» Work to complete: Although the data below contains pictures, output only the lines between those holding "grigios Prodigy Day" and "Нержавейка лист 12х1500х6000мм", inclusive, exactly and without those pictures.

» Material supplied:
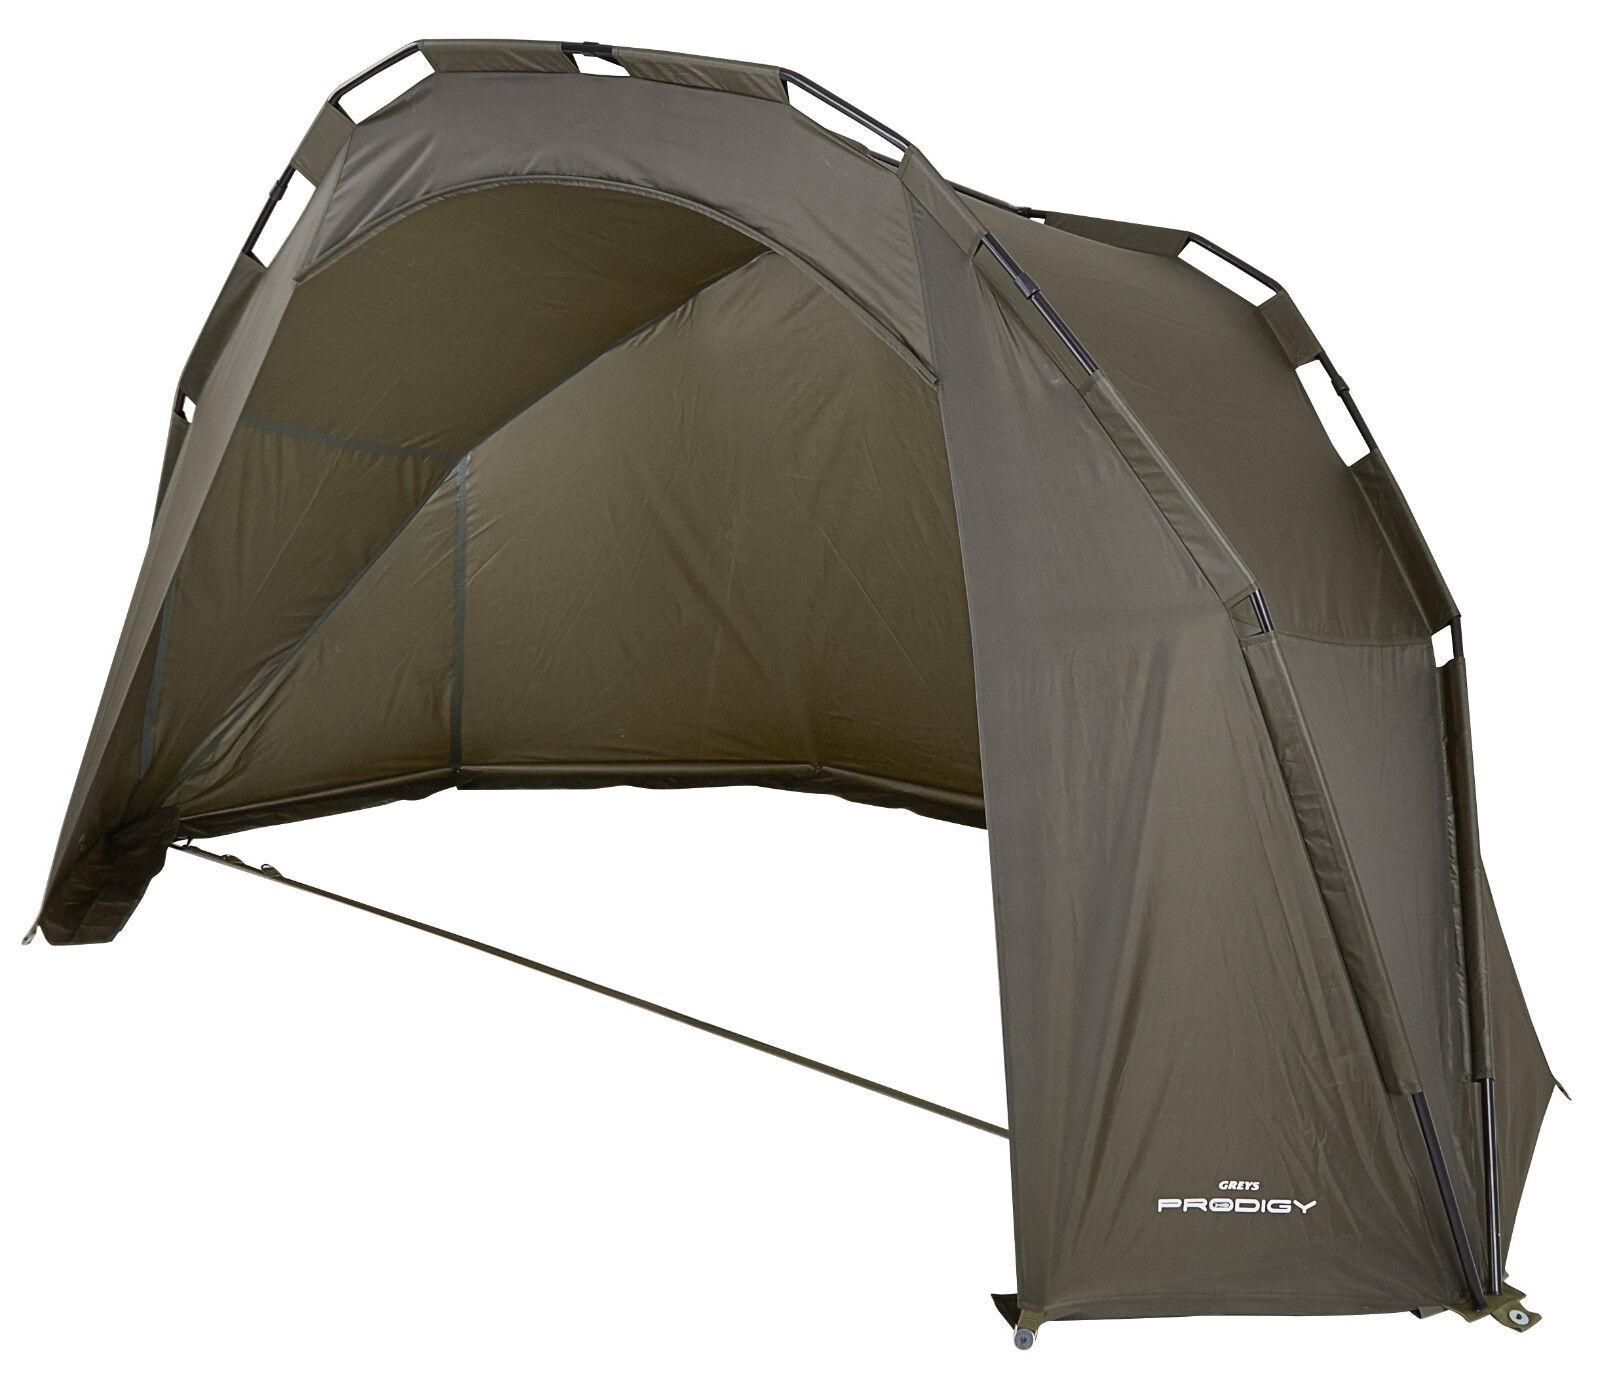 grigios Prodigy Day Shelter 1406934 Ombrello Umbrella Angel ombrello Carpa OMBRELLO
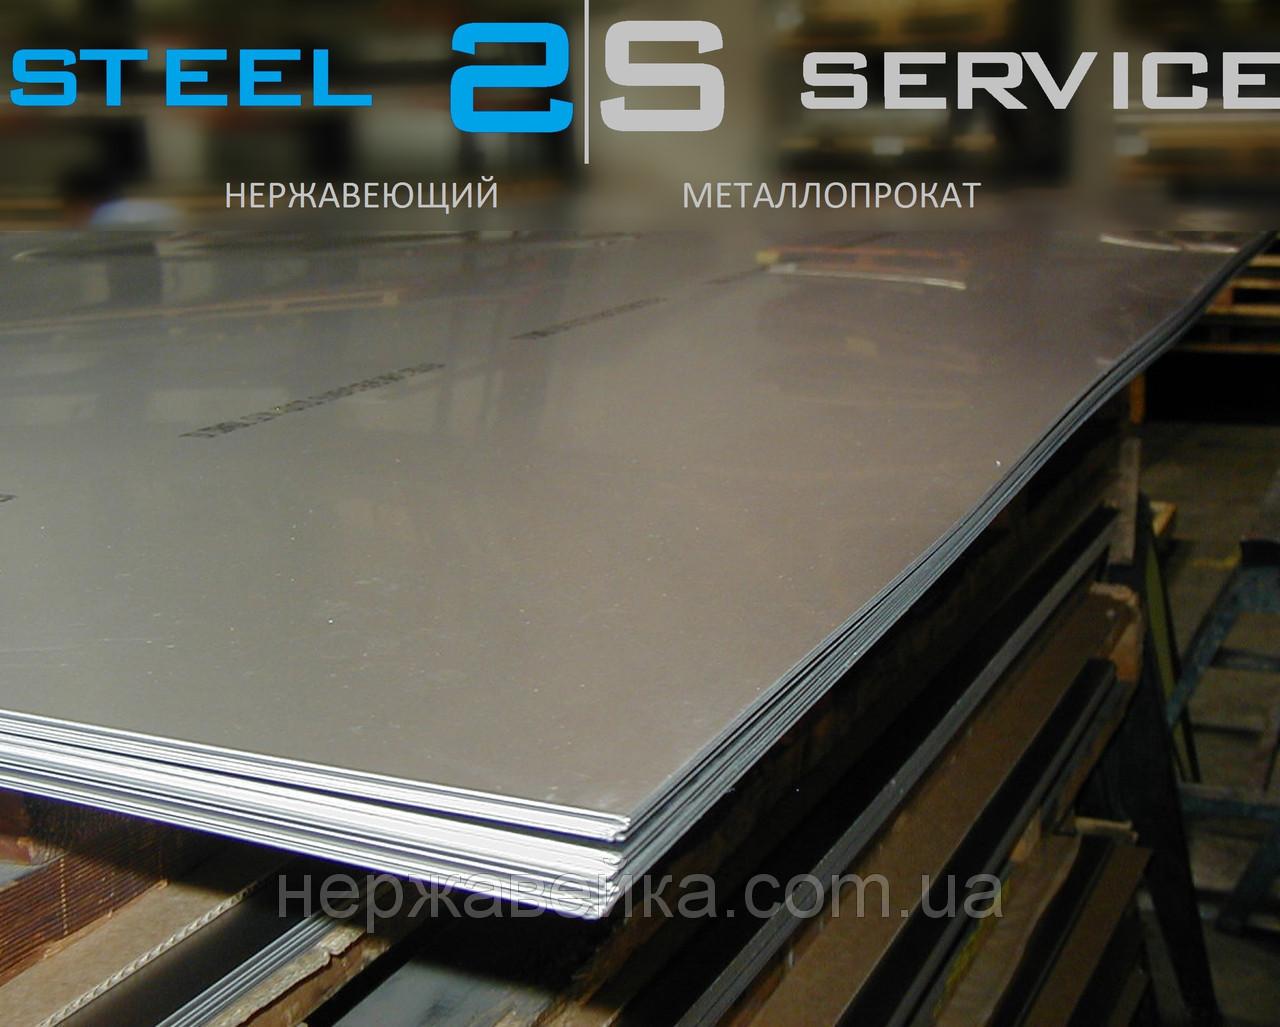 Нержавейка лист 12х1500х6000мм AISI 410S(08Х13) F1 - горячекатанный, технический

--

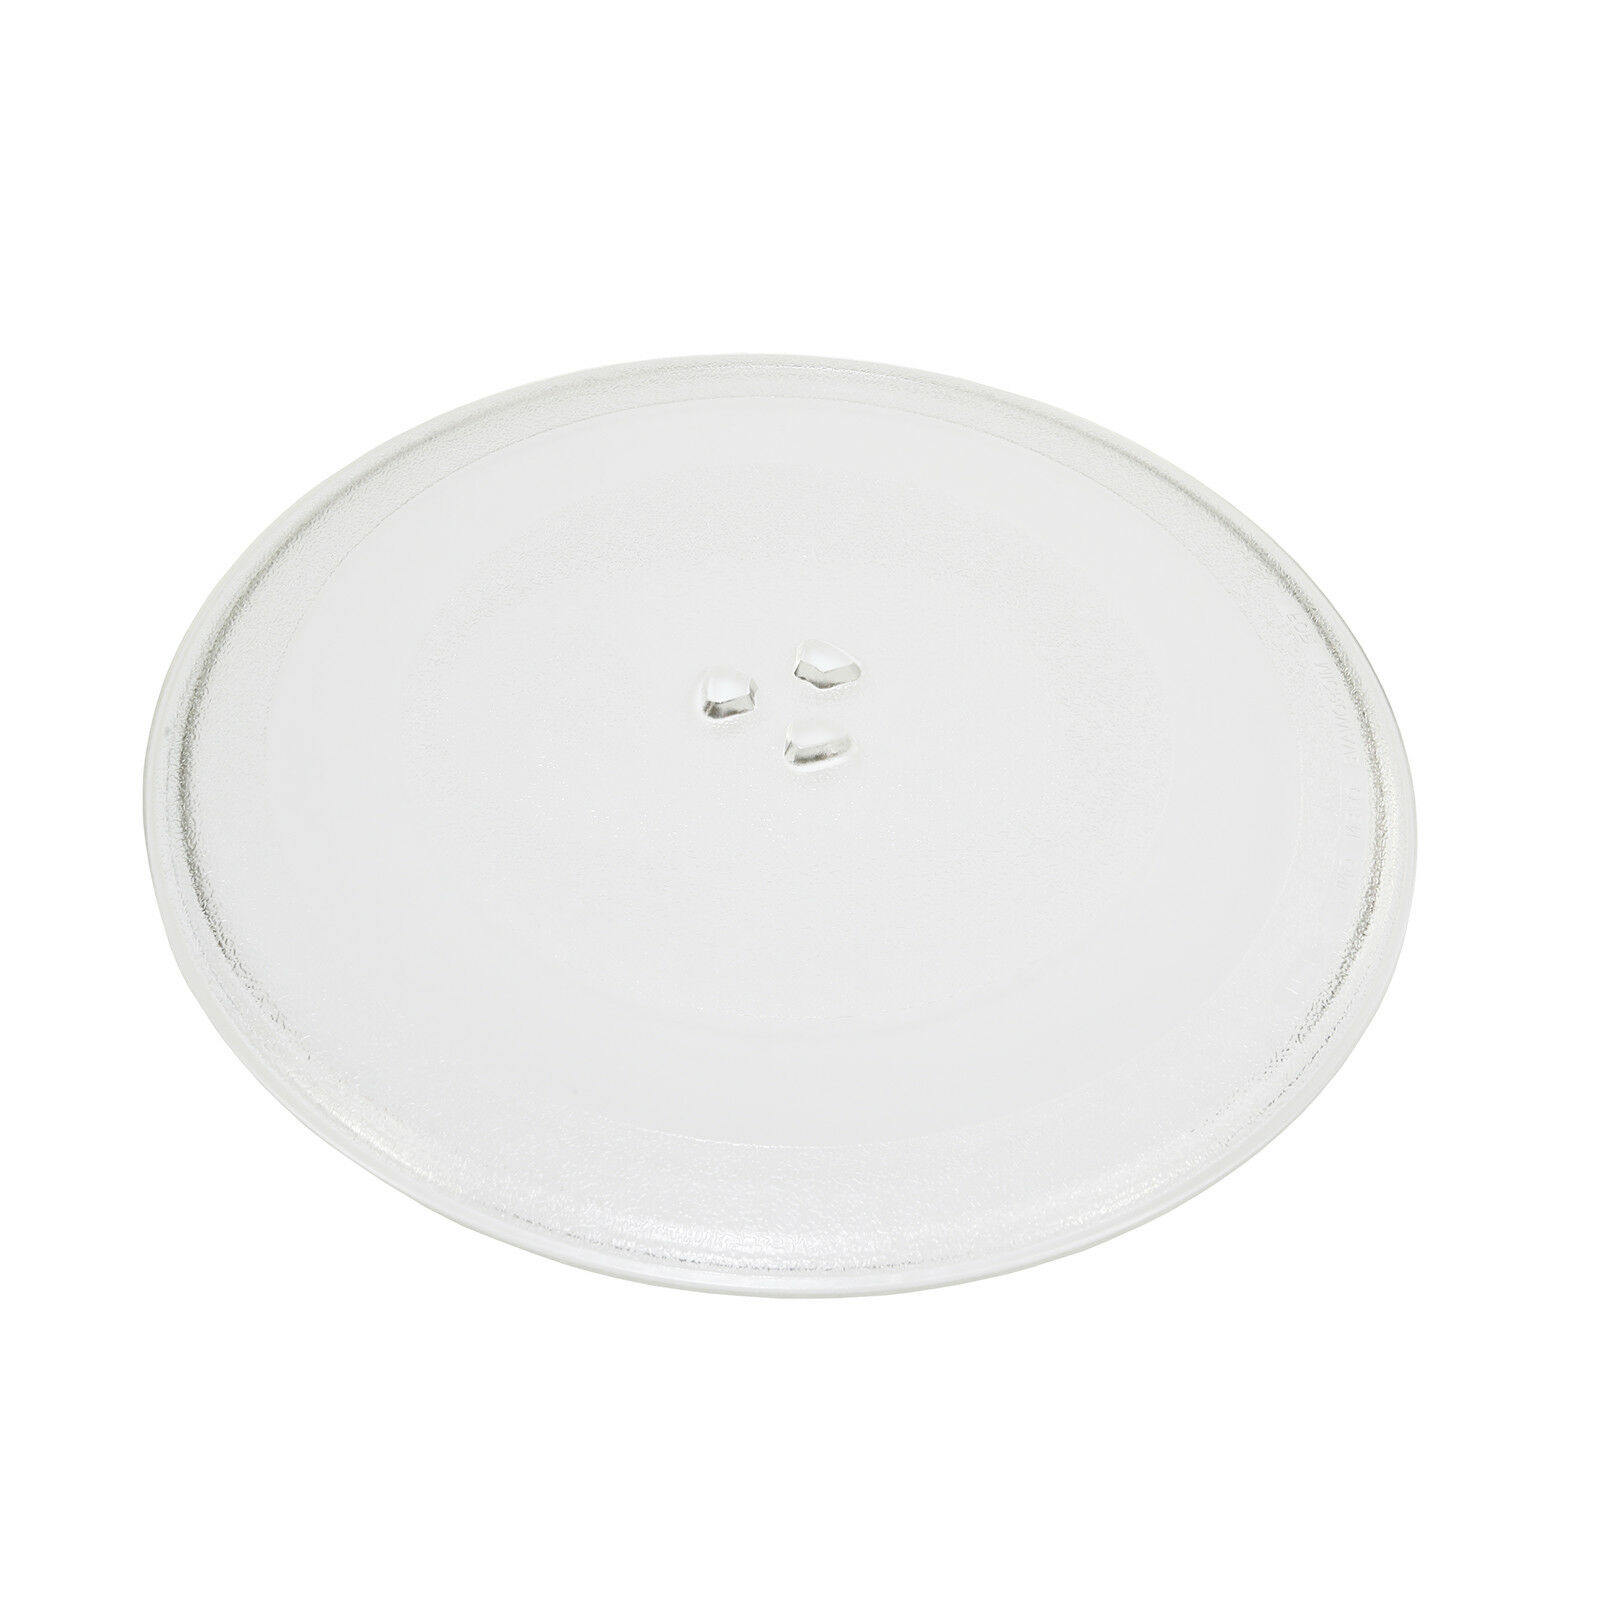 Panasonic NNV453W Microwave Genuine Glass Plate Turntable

» Your solution:
 grigios Prodigy Day Shelter 1406934 Ombrello Umbrella Angel ombrello Carpa OMBRELLO
 Нержавейка лист 12х1500х6000мм AISI 410S(08Х13) F1 - горячекатанный, технический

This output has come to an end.